We shall make important use of Lemma 1 in the treatment of hyperbolic systems in Section 4: specifically, in showing that sharp spectral information for a certain initial-boundary value problem (associated with some matrix \(B\)), encoded in a spectral radius condition \(\rho(UB)<1\) for any \(U\), may be realized by a Lyapunov-type energy estimate requiring \(\|SBS^{-1}\|<1\) for some \(S\).
In order not to delay too much the use of Lemma 1 we postpone to Appendix 6 the treatment of complex counterexamples when \(n\geq4\) and the proof of the absence of gap in the real case \(n\leq5\).
Proof. By invariance of spectrum under similarity transformations, we have \[\rho(UB)=\rho(SUBS^{-1})\] for any \(S\), \(U\). Meanwhile, by invariance of norms under isometries and commutation of diagonal matrices, we have \[\|SUBS^{-1}\|\,=\,\|USBS^{-1}\|\,=\,\|SBS^{-1}\|\] for any \(S\), \(U\). This is sufficient to prove (1).
Simple case. We first prove the absence of gap when the infimum of \(S\mapsto \|SBS^{-1}\|\) is reached at a \(S_*\) such that the largest eigenvalue of \((S_*BS_*^{-1})^*S_*BS_*^{-1}\) is simple. Without loss of generality we may assume that \(S_*\) is the identity matrix, since otherwise we may replace \(B\) with \(S_*BS_*^{-1}\). Recall that for any \(S\), \(\|SBS^{-1}\|=\sqrt{\rho((SBS^{-1})^*SBS^{-1})}\).
In this case, by standard matrix perturbation theory, near identity the largest eigenvalue of \((SBS^{-1})^*SBS^{-1}=S^{-1}B^*S^2BS^{-1}\) depends smoothly on \(S\) and its \(s_j\)-partial derivative at identity is given by \[r^*\left(-E_j B^*B + B^*(2E_j)B - B^*B E_j\right)r\,=\, 2(|(Br)_j|^2-\|B\|^2|r_j|^2)\,,\] where \(r\) is a unit eigenvector associated with the maximal eigenvalue of \(B^*B\), \(E_j\) is the diagonal matrix with only nonzero entry \((E_j)_{jj}=1\) and \((Br)_j\) and \(r_j\) denote \(j\)th entries of \(Br\) and \(r\). Since by assumption the identity matrix is a critical point of \(S\mapsto \|SBS^{-1}\|\) we deduce that for any such \(r\) \[|(Br)_j|\,=\,\|B\|\,|r_j|\quad\textrm{ for any }j\] which readily implies the existence of a unitary diagonal matrix \(U\) such that \(UBr = \|B\|r\), giving \(\rho(UB)\geq \|B\|\) and thus \(\rho(UB)=\|B\|=\|UB\|\), verifying (2) in this restricted case.

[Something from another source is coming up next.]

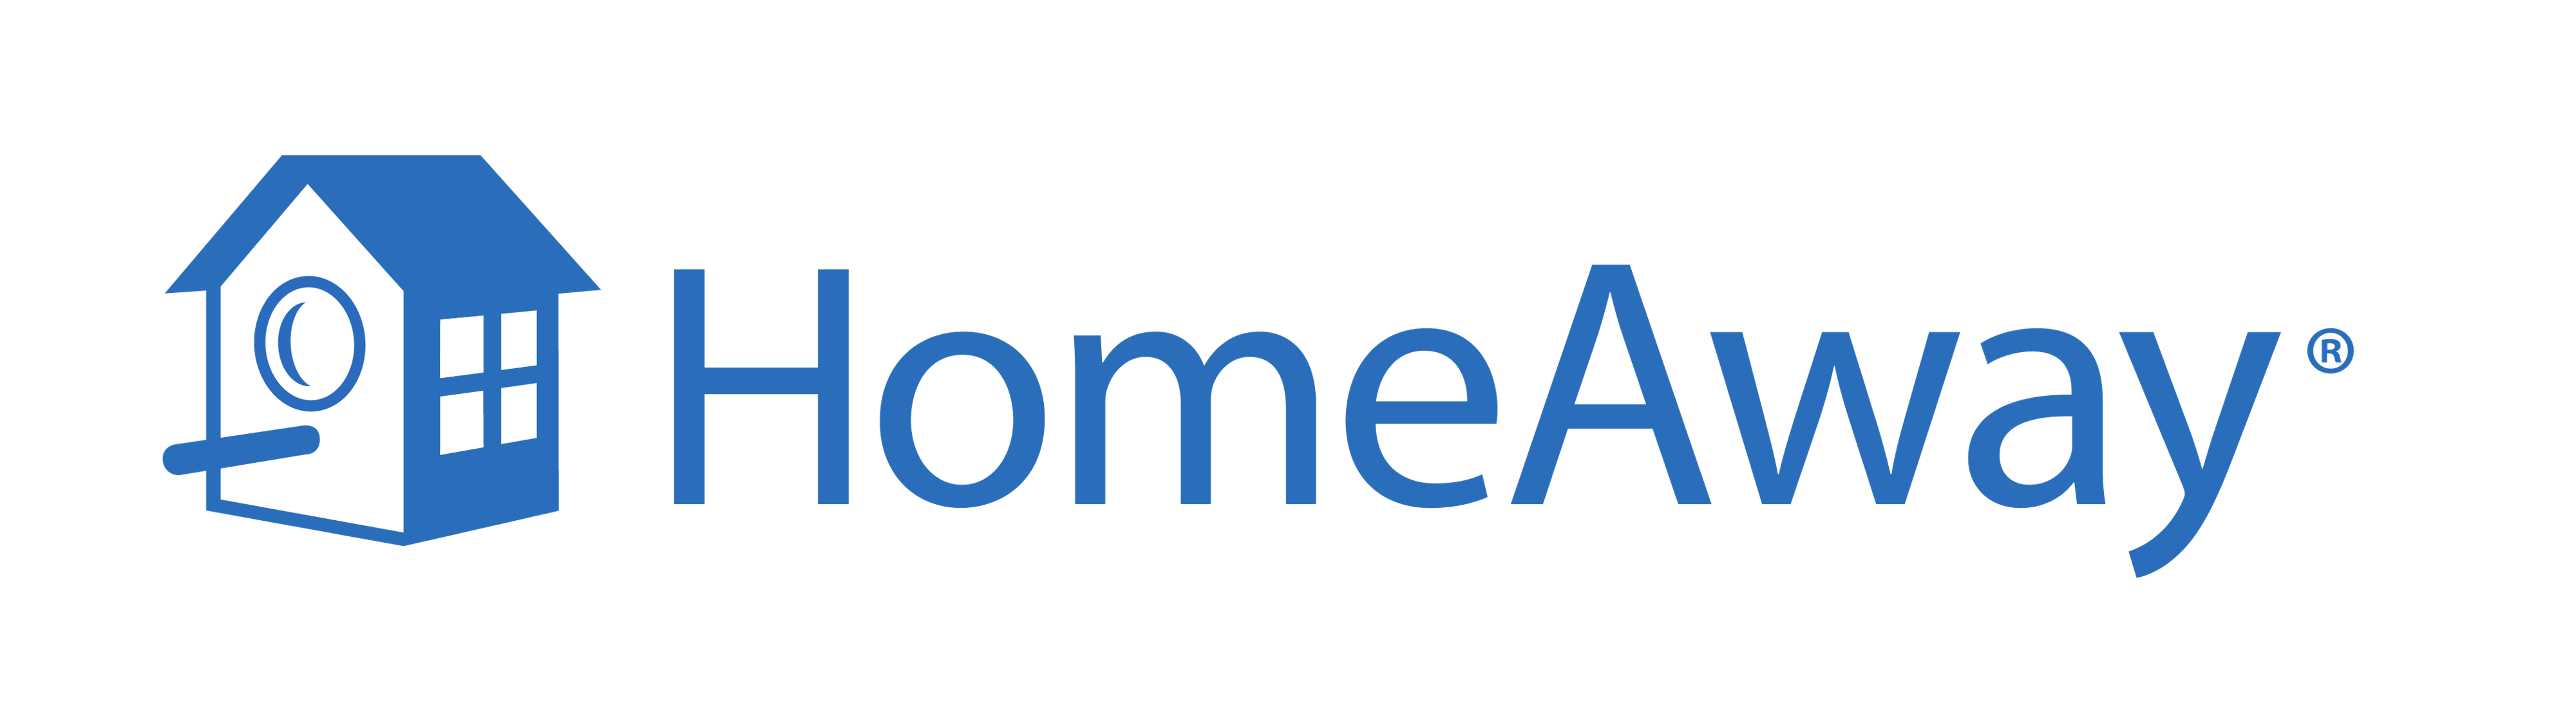 Homeaway logo

Density argument for full matrices. We next verify (2) when \(n\leq 3\) for complex matrices that are “full” in the sense that they have no nonzero entries. To do so, we run a continuity/density argument from the “simple” case proved before. To prepare the density part of the argument a few definitions are in order. We shall say that a set has dimension at most \(D\) if it is the union of finitely many manifolds of dimension at most \(D\). The definition is designed so that providing a parametrization by a manifold of dimension \(D\) is sufficient to check that a set is at most of dimension \(D\) whereas, when \(D<D'\), there holds that in a manifold of dimension \(D'\) the complement of a set of dimension at most \(D\) is dense.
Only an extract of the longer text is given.